Which certainly doesn’t mean the film is bereft of tension – indeed, this is one of of the most gut-tightening, engrossing, downright suspenseful films of the year. Nolan brings all his considerable technical acumen to mounting the film’s stunningly impressive action sequences, intercutting with incredible precision between different elements, driven along by Hans Zimmer’s nerve-jangling, propulsive, clipped score. Giant ships sink while men scramble for the surface, bombs slam into dunes as men cower beneath ludicrously flimsy pie-plate helmets, fighters jockey for position in blue skies in some of the best dogfighting seen on film. It’s simply masterful stuff, all captured by the nigh-brutal clarity of Hoyte von Hoytema’s cinematography. Nolan and his editor, Lee Smith, zip between incidents with mathematical exactness, building the tempo to an almost unbearable pitch before allowing even a hint of catharsis, then barely pausing for breath before beginning the build up again. Anyone studying parallel action in a film school classroom in the next 20 years is going to be watching Dunkirk – it’s masterful stuff.
Masterful? It just might be a masterpiece. It’s leagues ahead of Nolan’s last effort, the ungainly Interstellar, and in his previous oeuvre only The Prestige is comparable in terms of sheer, breathtaking, cinematic skill. What really strikes home is what a work of artistic discipline Dunkirk is, eschewing almost all unnecessary exposition, dialogue and backstory, delivering up a stirring, satisfying epic war story in only 106 minutes (!). It’s easily one of the best films of the year, and might even be the best – at the very least, it’s hard to imagine another 2017 release more certain of a Best Picture Oscar nomination.
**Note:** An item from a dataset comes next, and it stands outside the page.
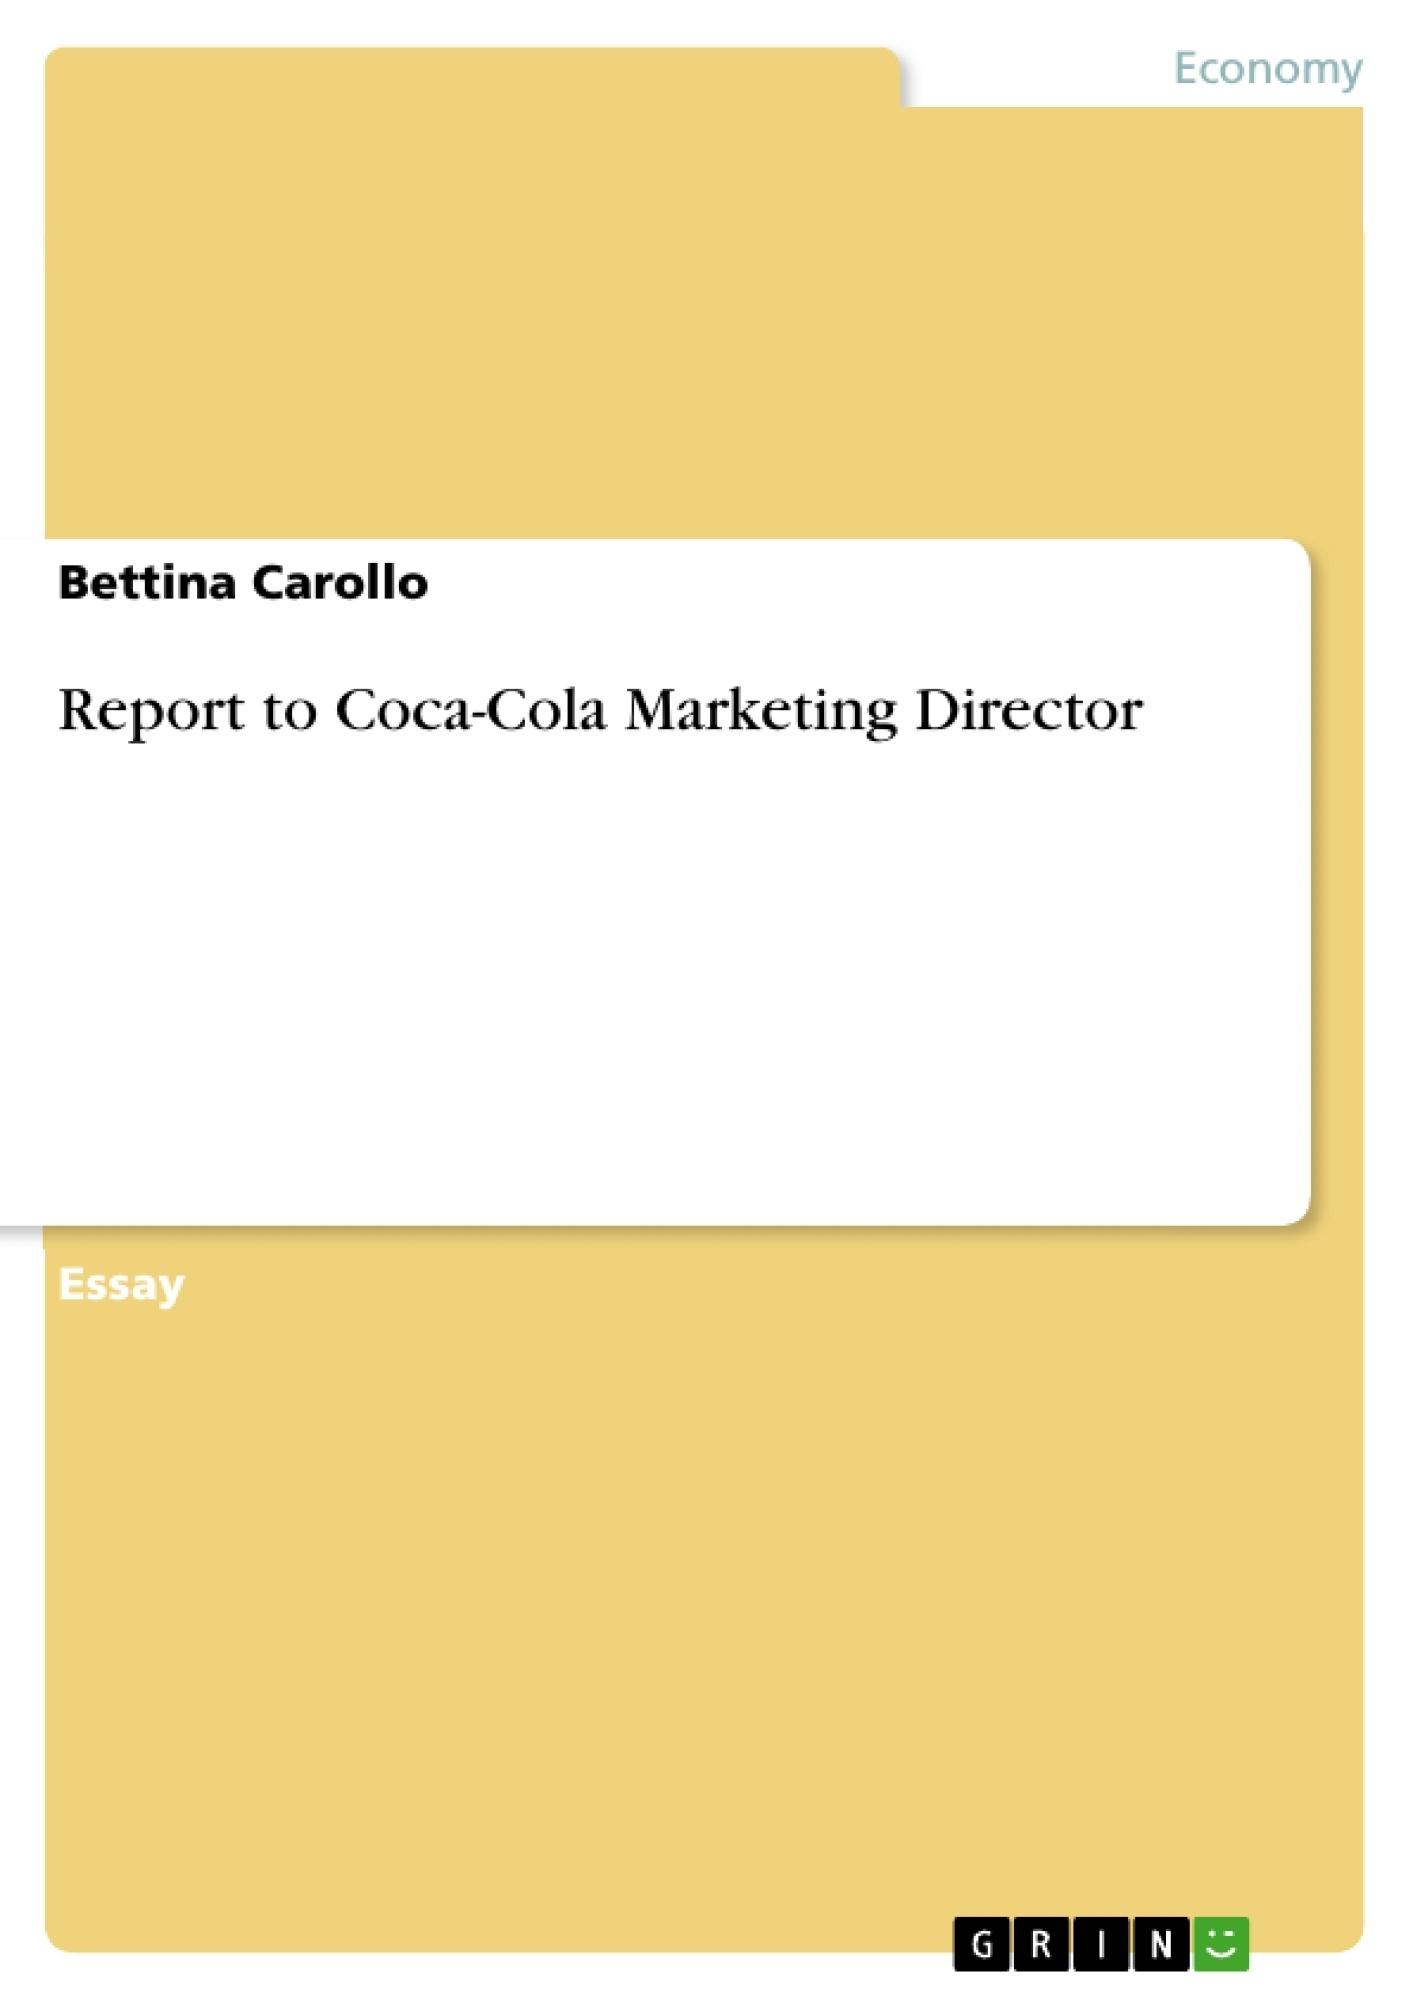 Title: Report to Coca-Cola Marketing Director

I don’t know that the film is masterful, masterpiece or best film of the year so far. I will say that it is very good in what it does. Yes, there is none the gratuitous battle and blood scenes that you would commonly expect from a war film. The film is essentially a war drama about survival without the actual full on battles and we don’t see a German soldier until right at the very end. The survival is portrayed through soldiers on Land, on and in Water and in the Air and we get a real sense of what it must really have been like for those soldiers at Dunkirk. It is this different way of telling the Dunkirk story that makes this a very good film to watch. I would give this a rating of 4 stars out 5.